Have you ever received a dubious text message or e-mail from an unknown recipient? I bet you have! Nowadays, we are all familiar with those bulk phishing campaigns sent to a large number of recipients. But what if such a malicious message is personally addressed to you? What if the content of the message is well-written and seems authentic to you because it is related to your daily work activities or personal interests? What if the sender seems like a legitimate source, and it makes sense for them to approach you with a great opportunity for you or your company? All you have to do is click on the link! Would you fall for it?

Although you might not realise it, targeted phishing is still one of the biggest cyber security challenges for large companies. According to FireEye1, targeted phishing – also known as spear phishing – was the most popular method for initial access by APTs2  in 2010, and this was still the case in 2020. Our conclusion: phishing is still a very successful attack vector for adversaries. It is a persistent problem and apparently there are no solutions available that completely solve this issue. PCSI proposes a holistic solution in which human and machine work closely together to identify phishing e-mails before any harm is done: the AIWARENESS project. 

How do PCSI partners deal with phishing e-mails?

Most companies have implemented a first-line-of-defence control aimed at intercepting and quarantining spam and phishing e-mails, consisting of products mostly provided by security companies. “This first line of defence intercepts a large percentage of phishing attempts, but unfortunately, a 100% solution is not available,” explains Bianca Verhagen, platform engineer at de Volksbank. “All e-mails are scanned, but as a consumer of an e-mail security product, we remain dependent on the vendor. We do not know what logic is used by vendors to intercept e-mails and place them in quarantine, and we do not have the knowledge and expertise to develop a product ourselves.”

At ABN AMRO, a team of data scientists develops machine learning models to improve the bank’s overall security posture. This team has worked on developing a phishing detection model as a second line of defence, in close collaboration with the Security Operations Centre. The biggest challenge for them is reducing the number of false positives (e-mails that are incorrectly classified as malicious) in such models. “Every day, adversaries send newly crafted phishing e-mails, which are often indistinguishable from benign e-mails. It takes a lot of time for us to handle this properly,” says Victor Garçia Cazorla, data scientist at the CISO department of ABN AMRO.
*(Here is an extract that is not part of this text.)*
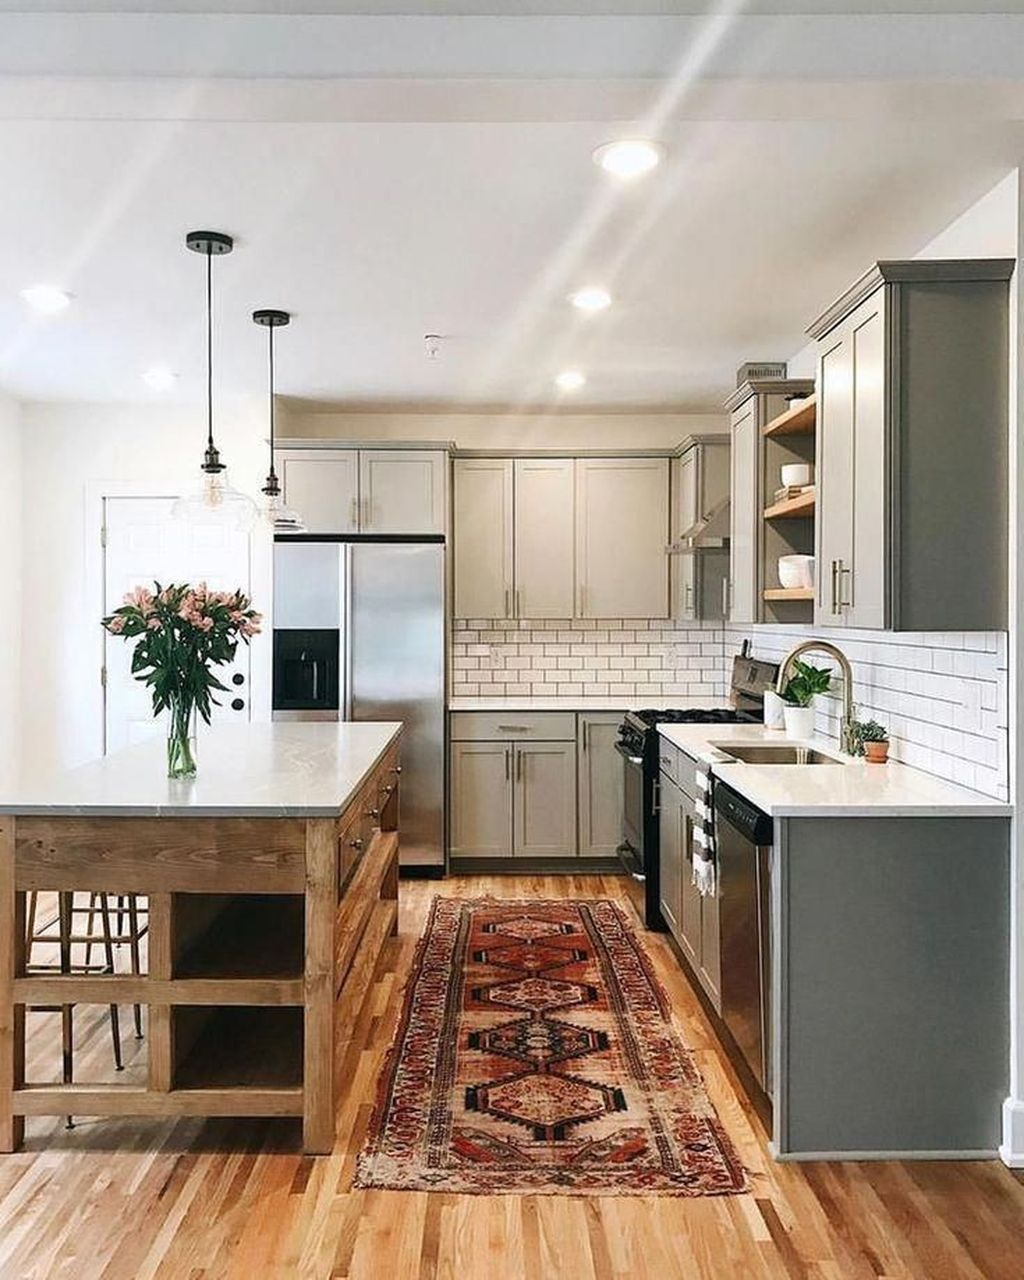 Popular Apartment Kitchen Design Ideas You Should Copy 02

"Apart from a few exceptions, such as DDoS attacks, most cyber crime attacks start with social engineering. We need to make and keep our employees continuously aware of that"

Richard Verbrugge, awareness expert at ABN AMRO, is continuously working on enhancing employee awareness with respect to cyber crime and cyber security. “Apart from a few exceptions, such as DDoS attacks, most cyber crime attacks start with social engineering. We need to continuously make and keep our employees aware of that. We therefore have a continuous learning programme in place, which is updated monthly with the latest trends and developments. Furthermore, we test the knowledge level of our employees and aim to monitor which topics need additional attention.” 

How does the PCSI propose to approach this challenge collaboratively?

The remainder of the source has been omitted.